Evolution Day is a celebration to commemorate the anniversary of the initial publication of On the Origin of Species by Charles Darwin on 24 November 1859. Such celebrations have been held for over a century, but the specific term "Evolution Day" for the anniversary appears to be a neologism which was coined prior to 1997. By highlighting Darwin's contributions to science, the day's events are used to educate about evolutionary biology. It is similar to the better-known Darwin Day, held on the anniversary of his birth (12 February 1809). It is unrelated to the secularization campaign by the Giordano Bruno Foundation to have the German public holiday of Ascension Day renamed to "Evolutionstag" (Evolution Day).

==Commemorations==
The year 1909, the 50th anniversary of the publication of On The Origin of Species and the 100th anniversary of Darwin's birth, saw several major events celebrating both.
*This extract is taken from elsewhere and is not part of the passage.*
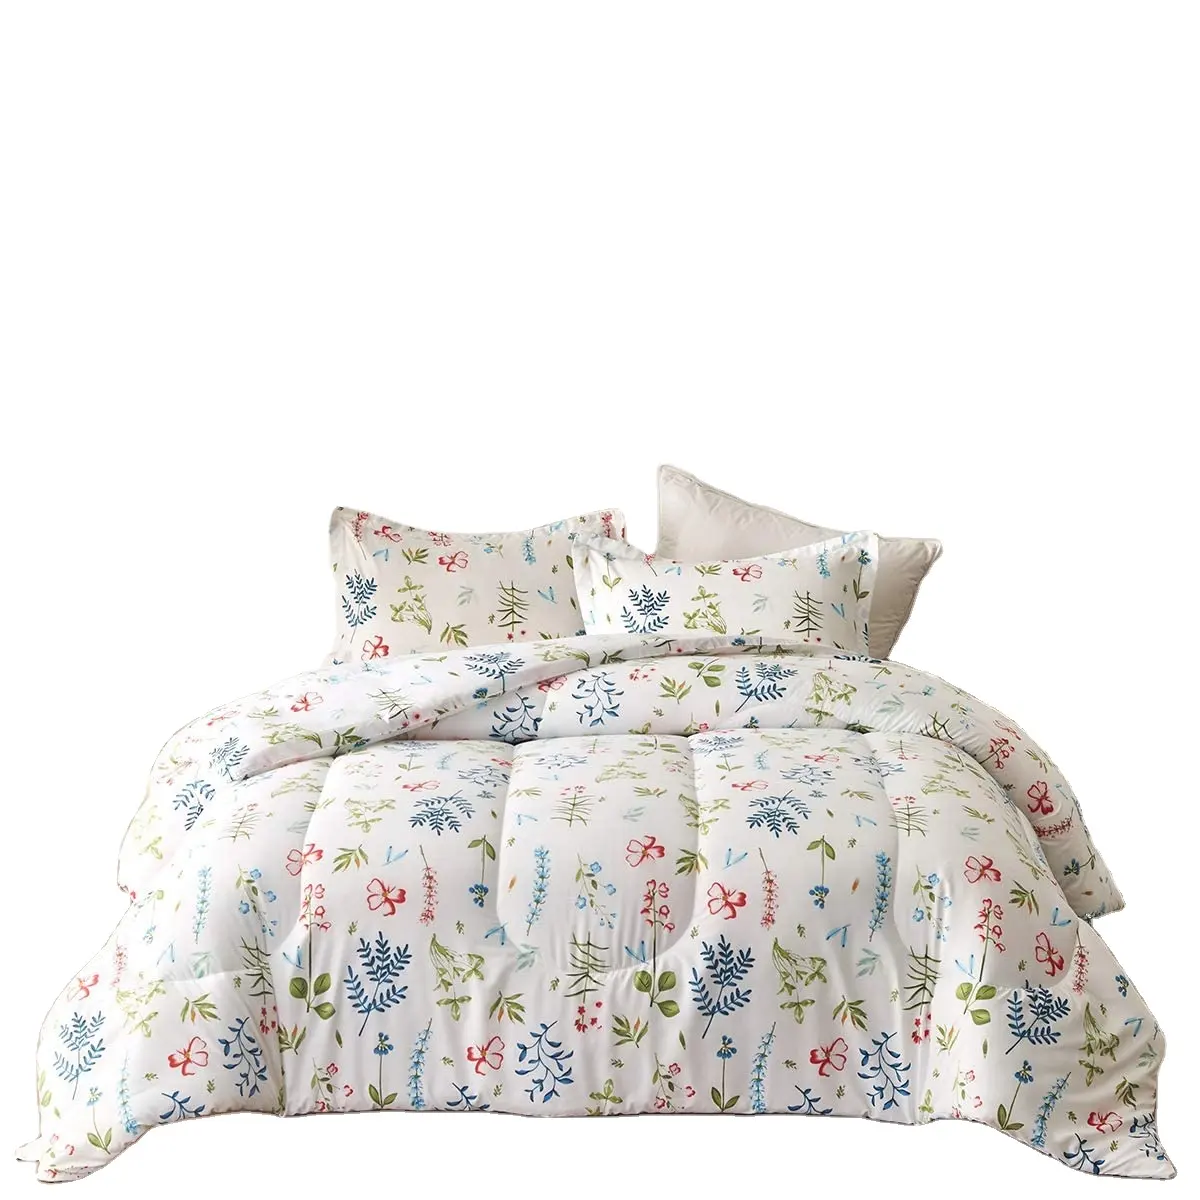 Lovely comforter sets wholesale comforter sets bedding brand bed sheet and comforter sets

At Cambridge, more than 400 scientists and dignitaries from 167 countries met in a widely reported event of public interest to honour Darwin's contributions and discuss the latest discoveries and ideas related to evolution, the New York Academy of Sciences held a celebration at the American Museum of Natural History,
and the Royal Society of New Zealand held an event with "a very large attendance".

The Darwin Centennial Celebration (1959) had a major, well publicised event from 24–28 November at the University of Chicago.

In 2009, the BBC aired BBC Darwin Season, a series of television and radio programs, to celebrate Darwin's bicentenary and the 150th anniversary of the publication of the Origin.